Pardon me, The Federalist, but no we abso-fucking-lutely do not. This is an invented issue. This is not a big deal because reclining your seat on an airplane is not a big deal. There are literally — and my use of the word literally here is not hyperbolic — millions of more important things we need to come to a consensus on than airline-seat etiquette. I would list all of the millions here, but I have a word limit and a personal policy against making lists to disprove dumb statements.

I say this using my authority as a tall, overweight person. I am 6’3’’, which makes me eight inches taller than the average American male, and I weigh 220 pounds. I recognize there are other people who are taller and heavier than me, and I understand that not all larger-than-average individuals will agree with me. But suffice it to say, I’m often intensely uncomfortable on airplanes. The seats are too small for me, and I usually have to angle my legs either into the aisle — where they’re hit by the beverage cart — or into the wall — where they never quite fit — all because my legs lack the ability to pass through solid objects.

Sometimes, the person in front of me leans back and I have slightly less space. Do I rage against that person for their selfishness? No. Because I have a neat little trick I can do that provides me with more space: I can lean my chair back, too.

Are we mad at the people who put us in this sardine-can prison? Are we mad at the people who designed airline seats using the physical rules of the M.C. Escher Universe? No. We’re mad at the guy who wants a little more space.

When I fly, I tend to resign myself to discomfort for the duration. I get up and walk around so I don’t get deep vein thrombosis and die. Usually the only place to walk to is the bathroom, which I also can barely fit in. If anyone tells you they’ve joined the Mile High Club, by the way, don’t believe them unless they’re Keebler Elves. There’s no way two full-size people can fit inside those aluminum closets.

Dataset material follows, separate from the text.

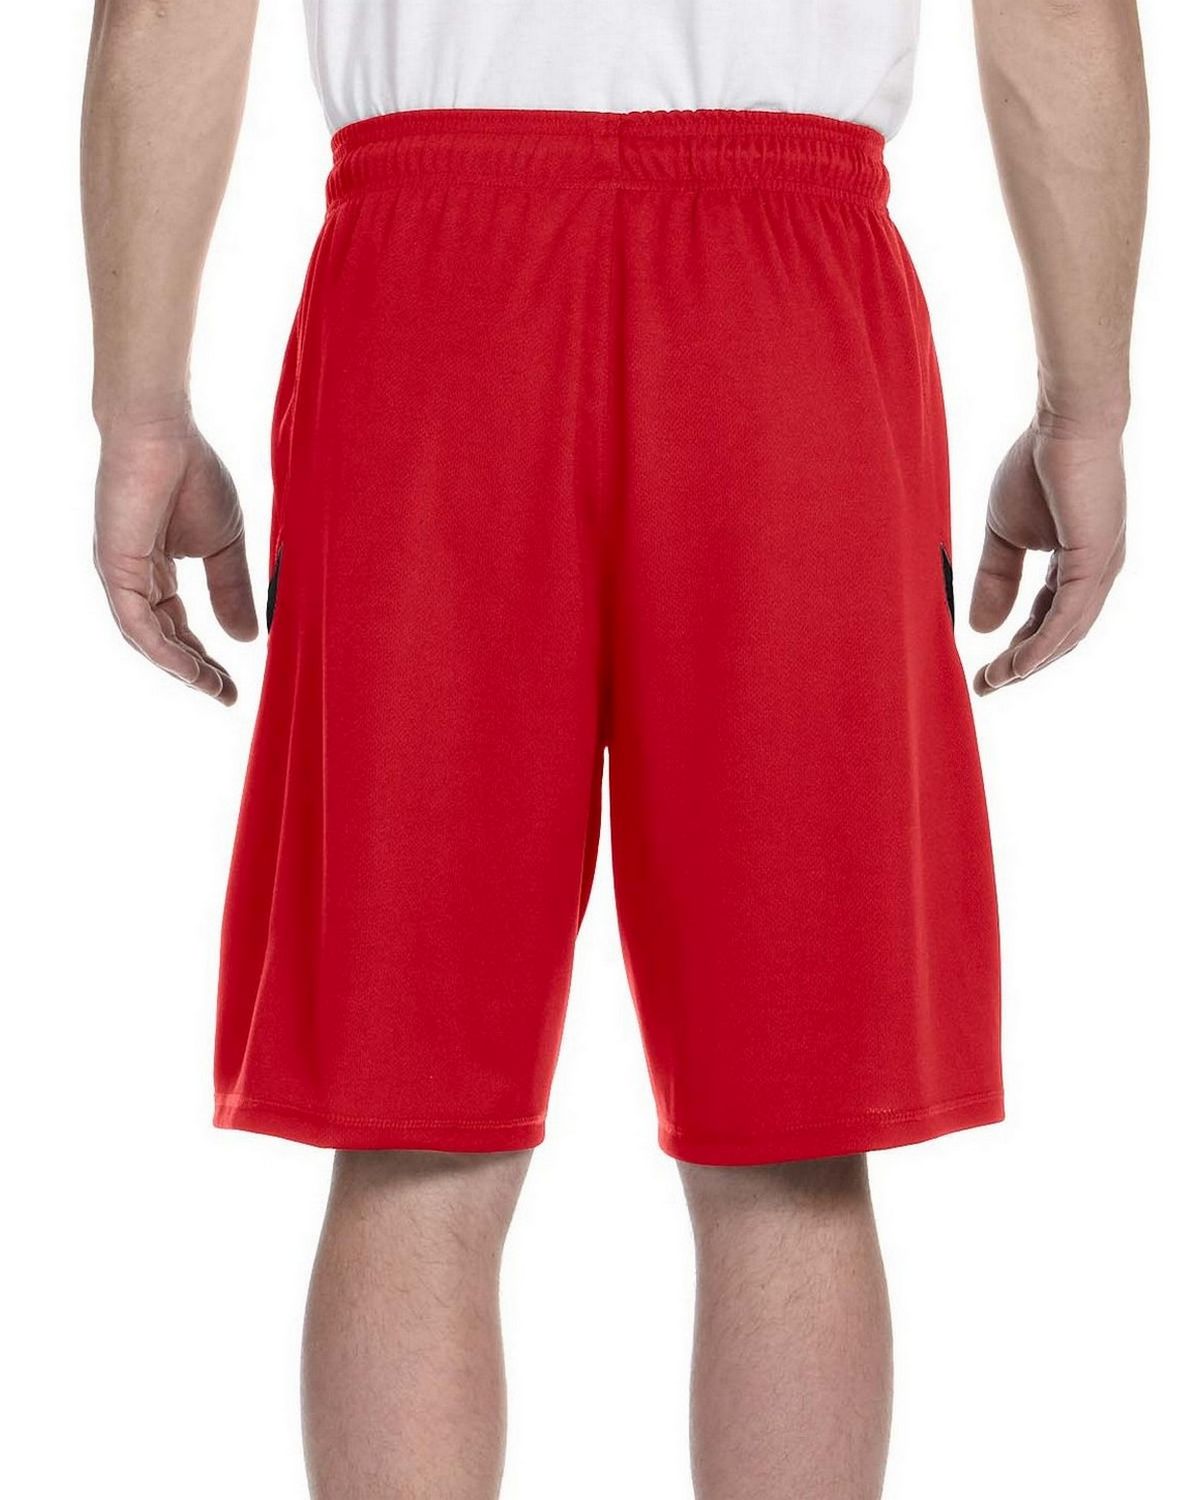 Size Chart for Russell Athletic 6B4DPM Dri-Power Colorblock Short

But discomfort is part and parcel of modern flying. It’s there along with taking your shoes off when going through security and getting the most intimate areas of your body looked at by a stranger using one of those newfangled peeping-Tom machines.

There are so many little indignities involved in flying these days: paying exorbitant amounts to bring any piece of luggage that can hold more than a book of matches, getting eye-fucked by lecherous security employees, being treated like a war criminal by airline employees, having to turn off your Kindle pre-flight for “security reasons,” not being able to say “The real security risk is what I’ll do if I don’t get to read Harry Potter during takeoff” without getting tasered by a burly ex-Marine Air Marshal, having to connect through the Atlanta airport, and so on.

But the indignity we’ve chosen as the last straw is when our fellow passengers try to alleviate their suffering by desperately squeaking their seat back three and a half inches. Are we mad at the people who put us in this sardine-can prison? Are we mad at the people who designed airline seats using the physical rules of the M.C. Escher Universe? No. We’re mad at the guy who wants a little more space.

Call me a conspiracy theorist, but I wouldn’t be surprised if all the CEOs of all the airlines gathered together last year around a Strangelovian war room table and, after worrying about rising customer dissatisfaction, decided to create the nefarious Knee Defender contraption that’s caused a number of these passenger-on-passenger skirmishes. “Maybe if we make them think this is each other’s fault,” they said, “they’ll stop complaining about us and fight each other!”

And, oh, how it worked. Instead of opting for more comfortable (not to mention more environmentally friendly) modes of transportation, we went to war with each other. They’ve successfully wagged the dog.